The Atlantic

Geology’s Timekeepers Are Feuding

“It’s a bit like Monty Python.”
Source: Roger Ressmeyer / Corbis / Getty

“What the fuck is the Meghalayan?” asked Ben van der Pluijm, a geologist.

Whatever the Meghalayan is, we live in it now.

Earlier this week, the International Commission on Stratigraphy announced that the current stretch of geological time, the Holocene Epoch, would be split into three subdivisions.

This is particularly noteworthy to the human species, as we have been living in the Holocene for the last 12,000 years. After this announcement, we still live in that epoch, but we also live in the youngest of these new subdivisions: the Meghalayan Age.

This new slice of time started roughly 4,250 years ago and extends to the present. In other words, we have been living in the Meghalayan for quite a long time, even if it didn’t have a formal name.

For decades, this has been the kind of technical declaration that even most geologists could safely ignore.

But lately, the study of geological timescales has attracted far more public attention—and scholarly f-bombs. Stratigraphy, the effort to name and describe rock layers, has become the site of a proxy battle over climate change, environmental change, and how deeply the natural sciences should integrate with history and politics.
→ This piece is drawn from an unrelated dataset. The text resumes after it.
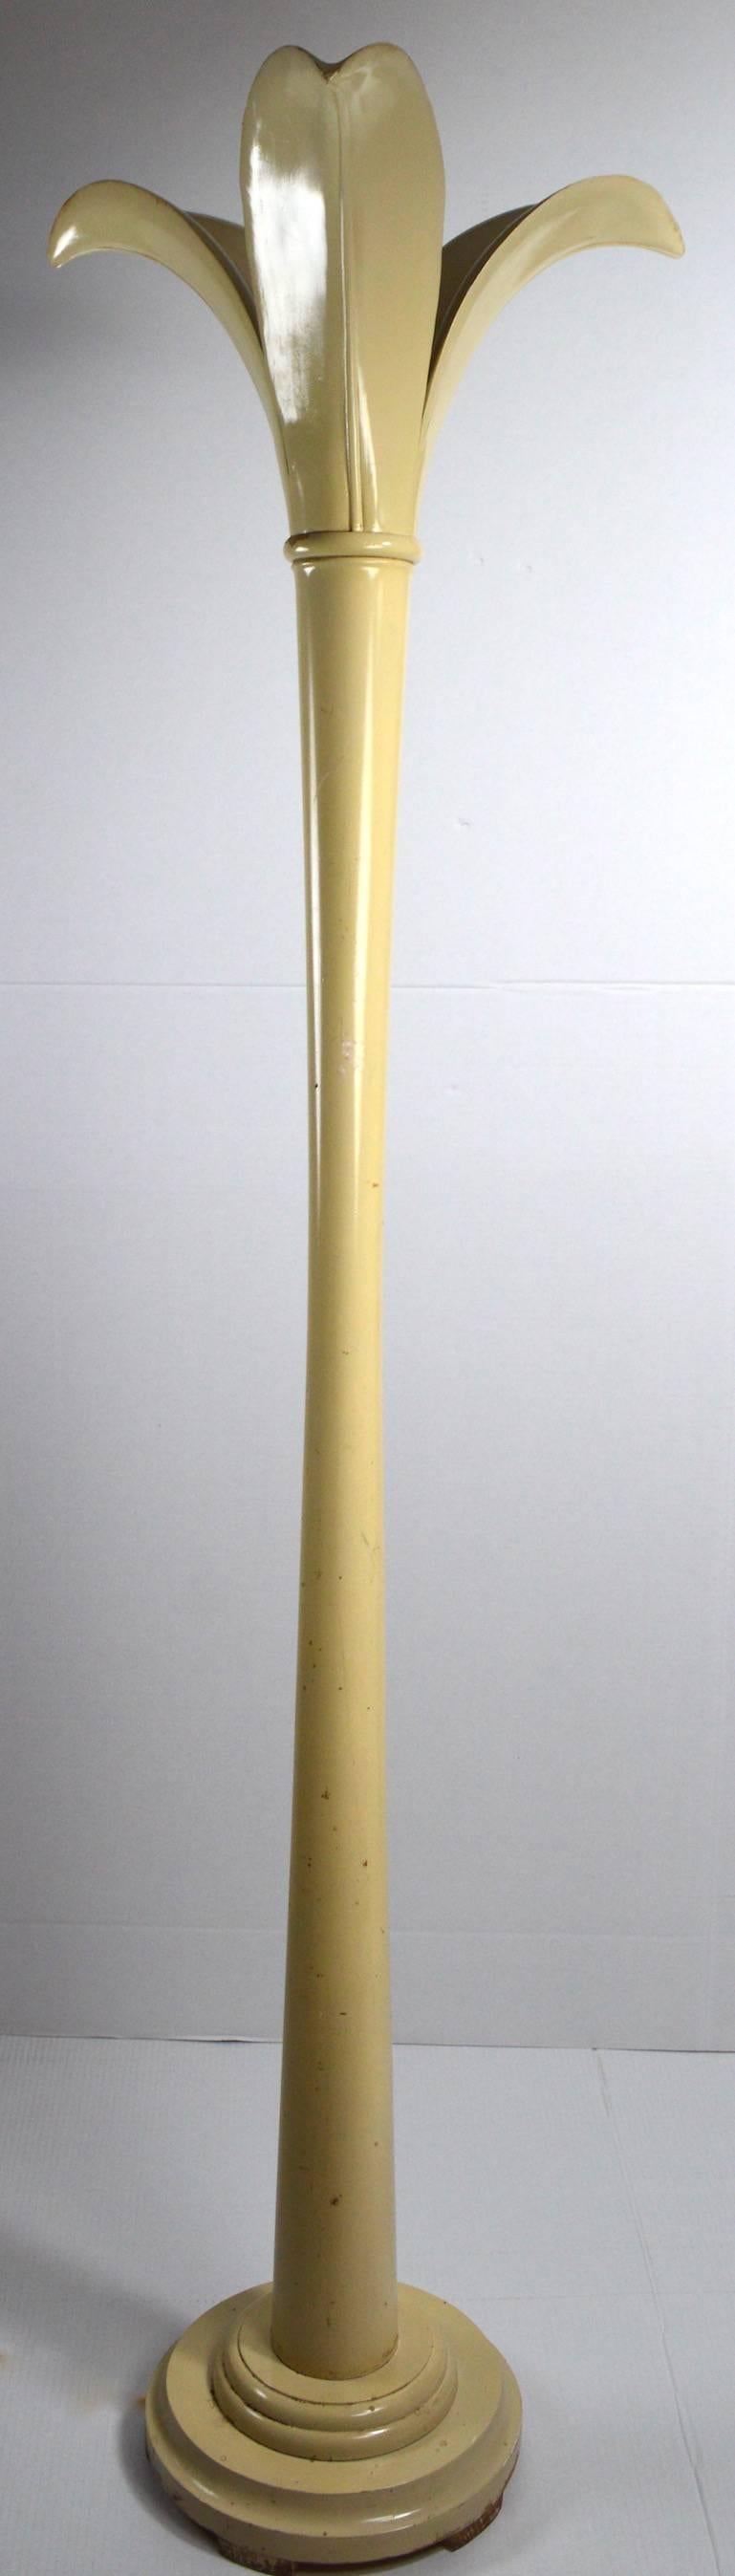 Weiß lackierte Stehlampe mit blattförmigem Aufsatz. Die Lackierung weist kosmetische Abnutzungserscheinungen auf, wie abgebildet. Maße: Oberteil 23
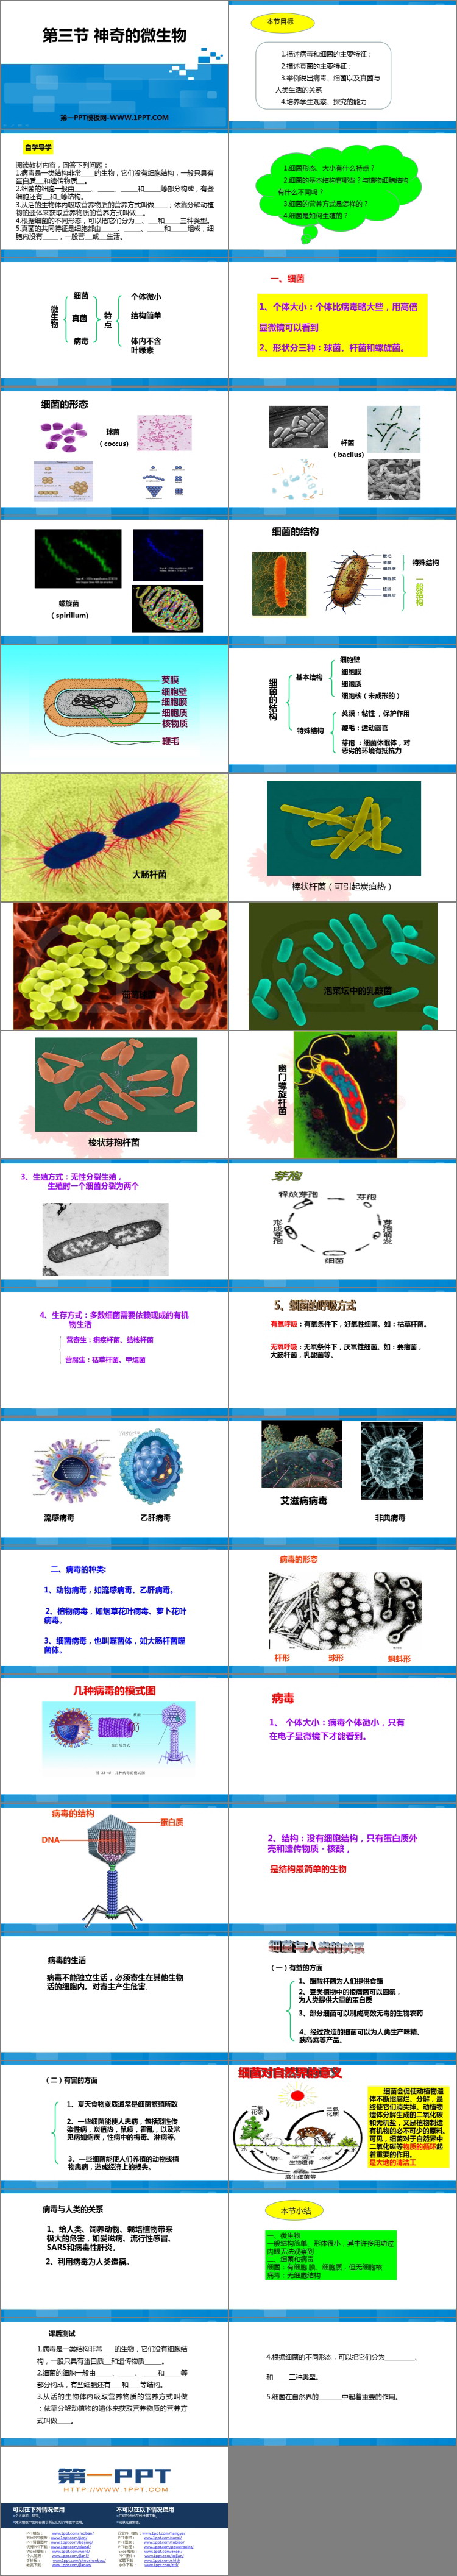 《神奇的微生物》PPT教学课件-预览图02

The International Commission on Stratigraphy, or ICS, is the global governing body that formally names geological eras, associating each rock layer with a specific stretch of time. For instance, the ICS formally named and identified the Jurassic, to the immense benefit of paleontologists and fictional theme-park developers everywhere.

Stratigraphers are not known for their public-relations acumen. “A lot of this timescale work used to be completely below the radar. It was done by small, dedicated groups and it never got the headlines, ” says Jan Zalasiewicz, a professor of paleobiology at the University of Leicester. “Most geologists think of it as really dull work—you know, it’s a bit like eating your greens, someone’s got to do it.”